Report of the incident from Gizmodo.com
I should note at the outset that when writing this so soon after the event is a situation, there is not a lot of authoritative information about the attack. So, we’ll need to make a few guesses as to what was going on with this attack.
What we think is a likely guess:
- Firstly, it was a DNS attack. Perhaps this guess is more of an assumption than something we think is a likely guess.It is evident that the authoritative name servers of certain domain names were the target of this attack, and it is certainly possible that it could’ve been a ping attack or any other form of IP packets that attempt to saturate the network resources close to the locations of the authoritative name servers.But let’s proceed here with the assumption that the attack was one that attempted to overwhelm a collection of DNS name servers with a set of otherwise quite conventional DNS queries. What would’ve been different about this activity that would make it an attack was the volume of such queries, and the span of endpoints generating such queries.
- The attack was based on sending “normal” DNS queries. This was evidently not a cause of using a crafted query that exercised some supposed vulnerability in the DNS infrastructure, but simply a case of sending a large volume of otherwise quite conventional queries.
- The attack was directed at the authoritative name servers for a set of target domain names.
- The previous assumption would indicate that the queries were like random-label.target-name.
- The attack was reported to use cameras and other bits and pieces of Internet-connected cruft and co-opted them to launch DNS queries.
What we don’t know:
- We don’t know if all the co-opted devices were discoverable on the public IPv4 space or were located behind NATs, but it probably doesn’t matter. The reported number of such devices (some “10s of millions”) would tend to suggest that the pool of devices lie predominately behind NATs. However, I have to observe that this is a very large number and it does present some plausibility issues with the report.
- We don’t know if the script included source address spoofing or not. We think not, as the NAT assumption above would tend to say that this is an attack where the source address cannot be readily spoofed.

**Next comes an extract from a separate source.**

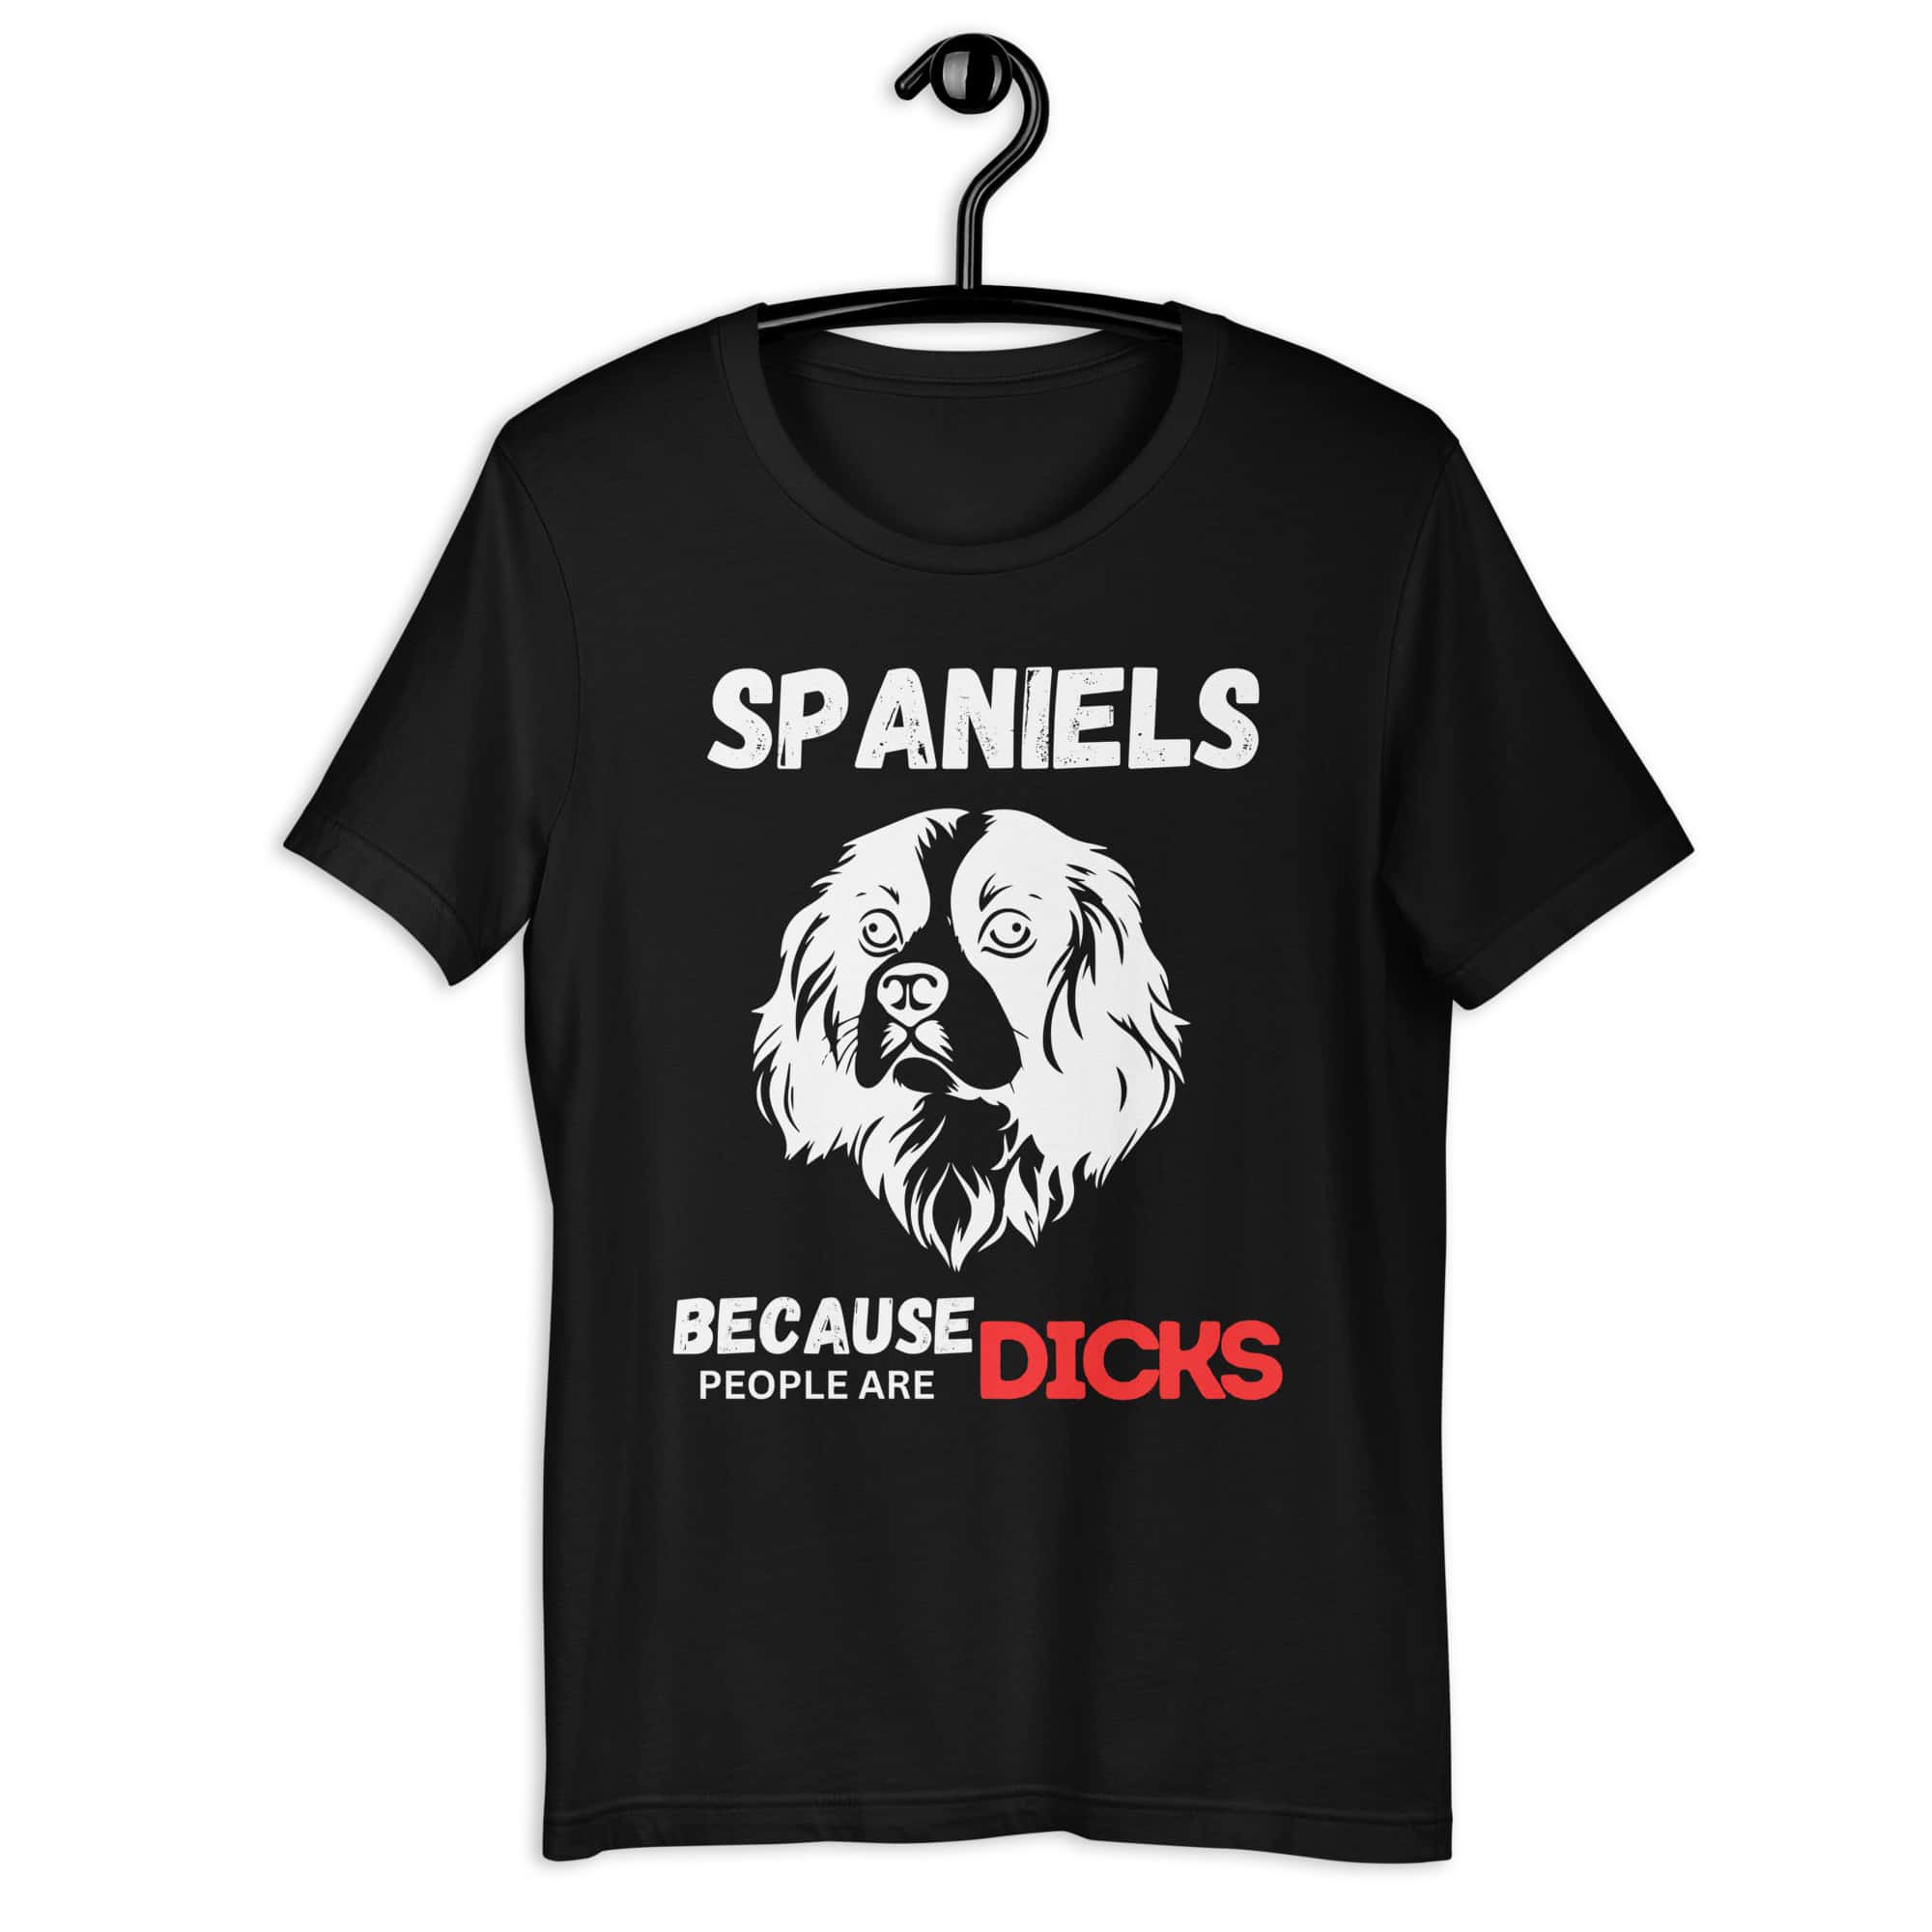 Spaniels Because People Are Dicks Unisex T-Shirt Jet Black
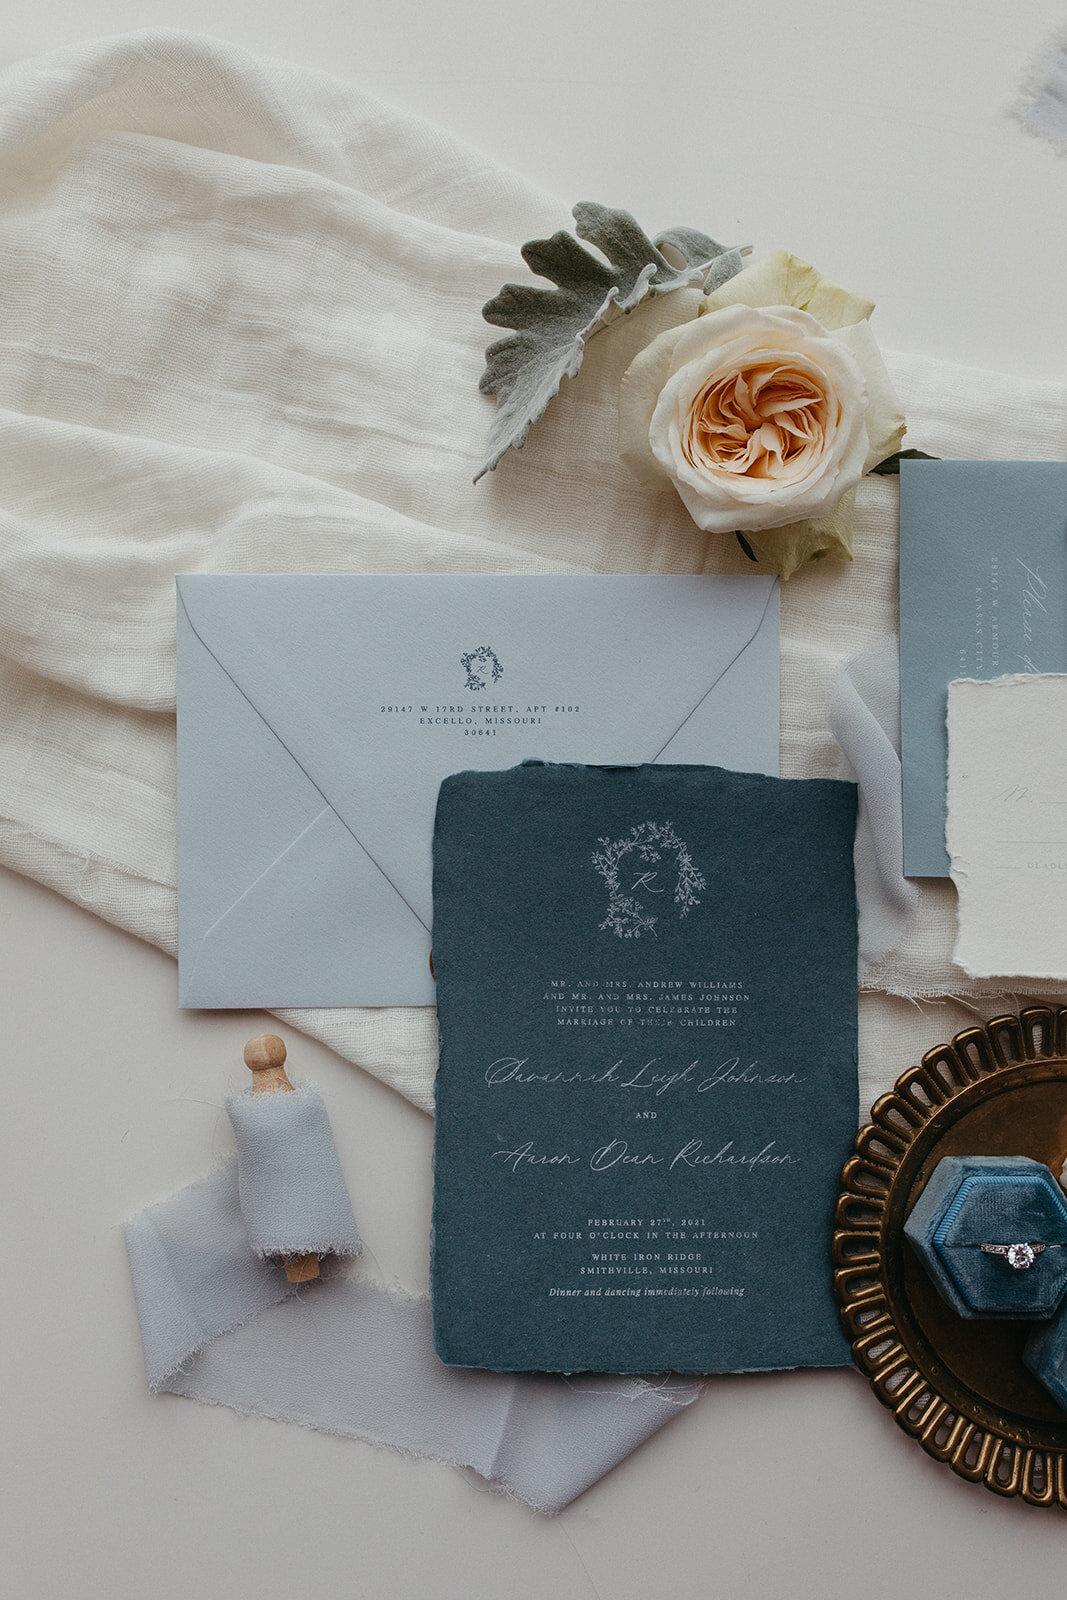 An assortment of blue and gray wedding stationery with white cursive font atop fabric, with a wedding ring in blue velvet box

- We don’t know if the attack used normal DNS infrastructure and made DNS queries via recursive name servers, or whether they were scripted to directly query particular authoritative name servers. Getting a device to pull down a particular URL is all part of a bot command and control channel. So, at the very least, you need to have the device perform a URL fetch upon command. In this case, that basic ability is enough for such an attack. Explicitly scripting the device to perform a query directly to an authoritative name server requires further access to the particular tool or library call that allows this crafting of a DNS query, and this may not be an option on all these co-opted devices.The first statement released by Dyn said: “We observed 10s of millions of discrete IP addresses associated with the Mirai botnet that were part of the attack”. If the attack used the conventional recursive resolver infrastructure, then such direct observations from the authoritative name server would not be possible, as all they would see is a large query volume from the usual set of recursive resolvers that handle all other DNS query traffic. So, the claim from Dyn that they directly observed some 10s of millions of discrete IP addresses would tend to suggest that the co-opted devices were communicating directly with the authoritative name servers and passing their queries directly to them, rather than via the recursive resolver infrastructure.
- We don’t know what DNS query type was being used in this attack (A, AAAA, ANY, or any other query type). We can assume that the simplest attack is a brute force attack with minimal device-scripting. So, the co-opted device might well just send an A query type.
- We don’t know if the queries specified EDNS(0) DNSSEC OK or any form of DNS options or padding to increase the size or complexity of the query or its answer. If the aim is to exhaust the resources of the authoritative name server, then query options might well have been used. But again this requires additional capabilities in the attack script being run on the compromised devices.
What we can guess:
- We guess that this was a relatively simple script or set of scripts running on a large volume of co-opted devices without necessarily requiring a sophisticated root-kit or other specialised penetration code running on the compromised device. It’s likely to be a simple exploit.
- We guess that the code used in the attack had a command and control interface that allowed the co-opted device to start sending, at a minimum, very basic DNS queries with random terminal labels at a certain time.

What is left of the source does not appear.